The feature extractor 202 may be communicatively coupled to the document database 102. The feature extractor 202 may include suitable logic, circuitry, interfaces, and/or code, executable by the circuitry, that may be configured to extract features from the framework records. The feature extractor 202 may be configured to retrieve, from the document database 102, the framework records associated with each framework of a plurality of frameworks. The plurality of frameworks may correspond to a master list of available frameworks that can be utilized for task execution. The feature extractor 202 may be further configured to analyze the framework records associated with each framework. Based on the analysis of the framework records of each framework, the feature extractor 202 may be further configured to determine a plurality of features for the corresponding framework.

The plurality of features (hereinafter referred to as “features”) may include a syntax and a set of functional characteristics associated with the framework. The syntax may represent a specific format. That is to say, the syntax may correspond to specific rules that may define the structure of the underlying framework. In an embodiment, the syntax of each framework may depend on the underlying programming languages (e.g., Python, C++, or the like) that are utilized for building the corresponding framework. The set of functional characteristics associated with each framework may correspond to features and capabilities that may define how the corresponding framework may operate. In other words, the set of functional characteristics may correspond to a set of operations supported by a framework. For example, the OpenCV framework may be built for operations related to computer vision and image processing. Thus, the functional characteristics of the OpenCV framework may include object detection, image transformations, motion tracking, video processing, robotics, augmented reality, or the like. Similarly, Caffe is a deep learning framework often used in vision-related applications. Thus, the functional characteristics of the Caffe framework may include image recognition tasks, image classification tasks, or the like. In an embodiment, the feature extractor 202 may be configured to receive at least a first trigger. The first trigger may correspond to at least one of a group consisting of a user input or occurrence of a predetermined event. The predetermined event may include any system changes (e.g., changes in a framework record), lapse of a predefined time interval, or the like. The feature extractor 202 may analyze the framework records associated with each framework of the plurality of frameworks in response to the first trigger.

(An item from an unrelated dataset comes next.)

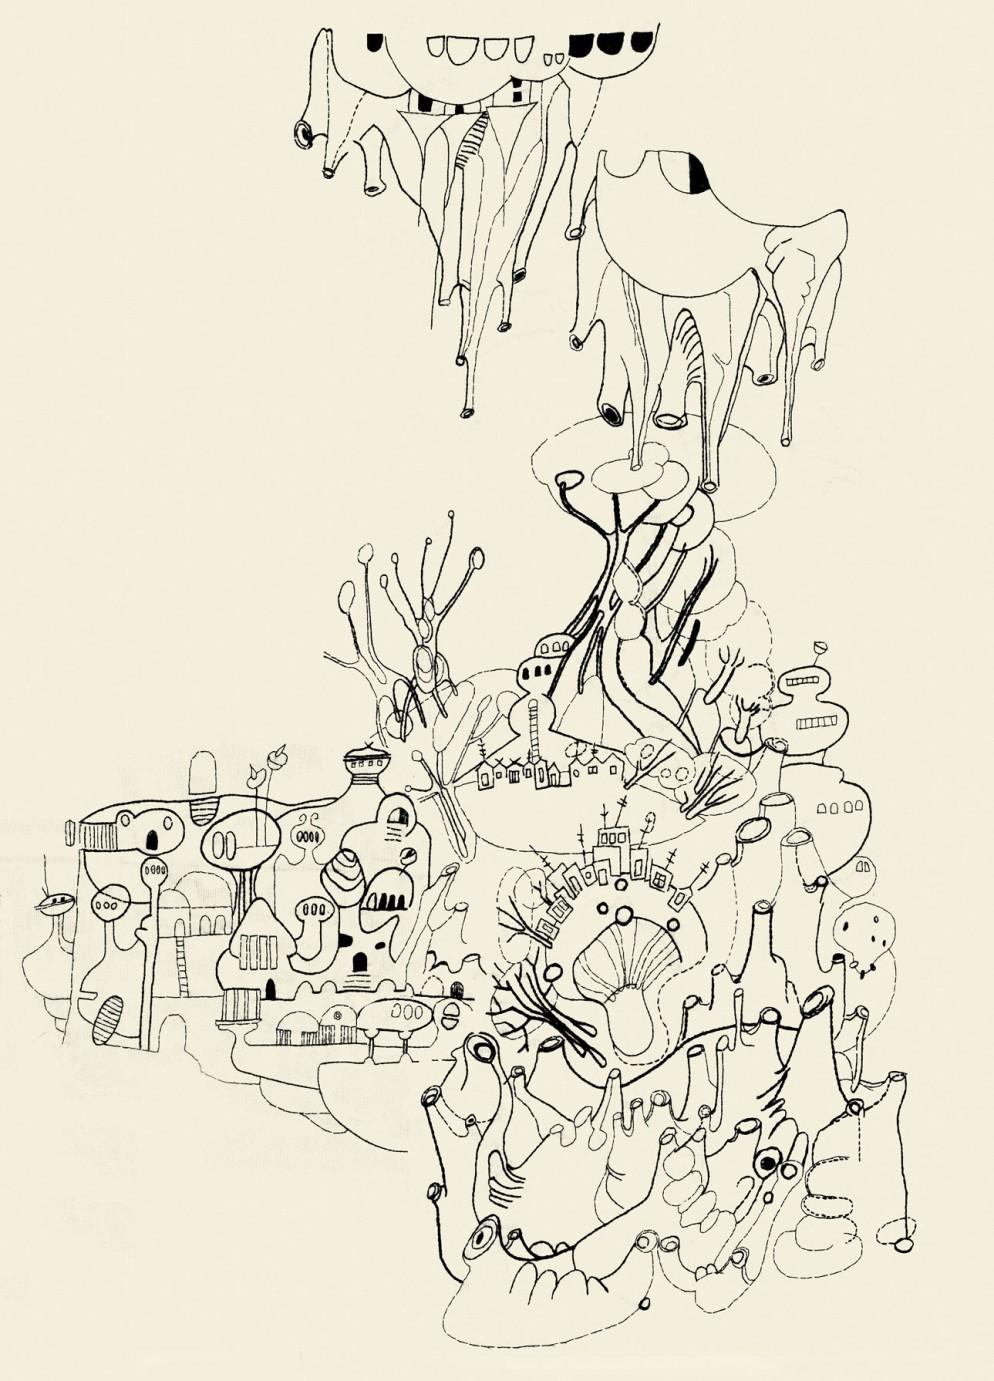 Davide-Gallo-Arte-Contemporanea_R.-Agnes,-Untitled,-190x140cm,-punto-erba-su-cotone,-2016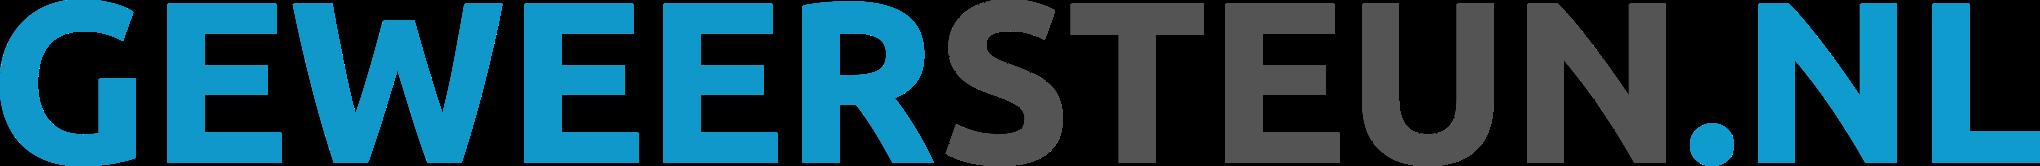 Geweersteun Webshop

The translation engine 204 may be communicatively coupled to the feature extractor 202 and the storage element 110. The translation engine 204 may include suitable logic, circuitry, interfaces, and/or code, executable by the circuitry, that may be configured to enable framework syntax translation. The translation engine 204 may be configured to receive the features associated with each framework of the plurality of frameworks from the feature extractor 202. The translation engine 204 may be further configured to generate a translation instruction set for each framework of the plurality of frameworks based on the features of the corresponding framework. The translation instruction set may correspond to operational instructions that may comprise a logic for interacting with the framework. The translation instruction set of a framework may be configured to translate an associated operation from the predefined syntax to the syntax of the corresponding framework. The translation engine 204 may be further configured to store the translation instruction set generated for each framework in the storage element 110. Particularly, the translation engine 204 may store the translation database 118 in the storage element 110.

The tester 206 may be communicatively coupled to the feature extractor 202 and the translation engine 204. The tester 206 may include suitable logic, circuitry, interfaces, and/or code, executable by the circuitry, that may be configured to test the plurality of frameworks for various operations. The tester 206 may be configured to receive the features of each framework from the feature extractor 202. Further, the tester 206 may be configured to identify a first operation (also referred to as a “test operation”) to be utilized for framework testing. The tester 206 may be configured to identify, from the plurality of frameworks, one or more frameworks associated with the test operation. For example, at least one of the set of functional characteristics of each of the one or more frameworks matches the test operation. The tester 206 may be further configured to receive at least a second trigger. The second trigger may correspond to at least one of a group consisting of a user input, a lapse of a periodic time interval, an update to at least one of the plurality of frameworks, or detection of a new framework. The tester 206 may identify the one or more frameworks associated with the test operation in response to the second trigger.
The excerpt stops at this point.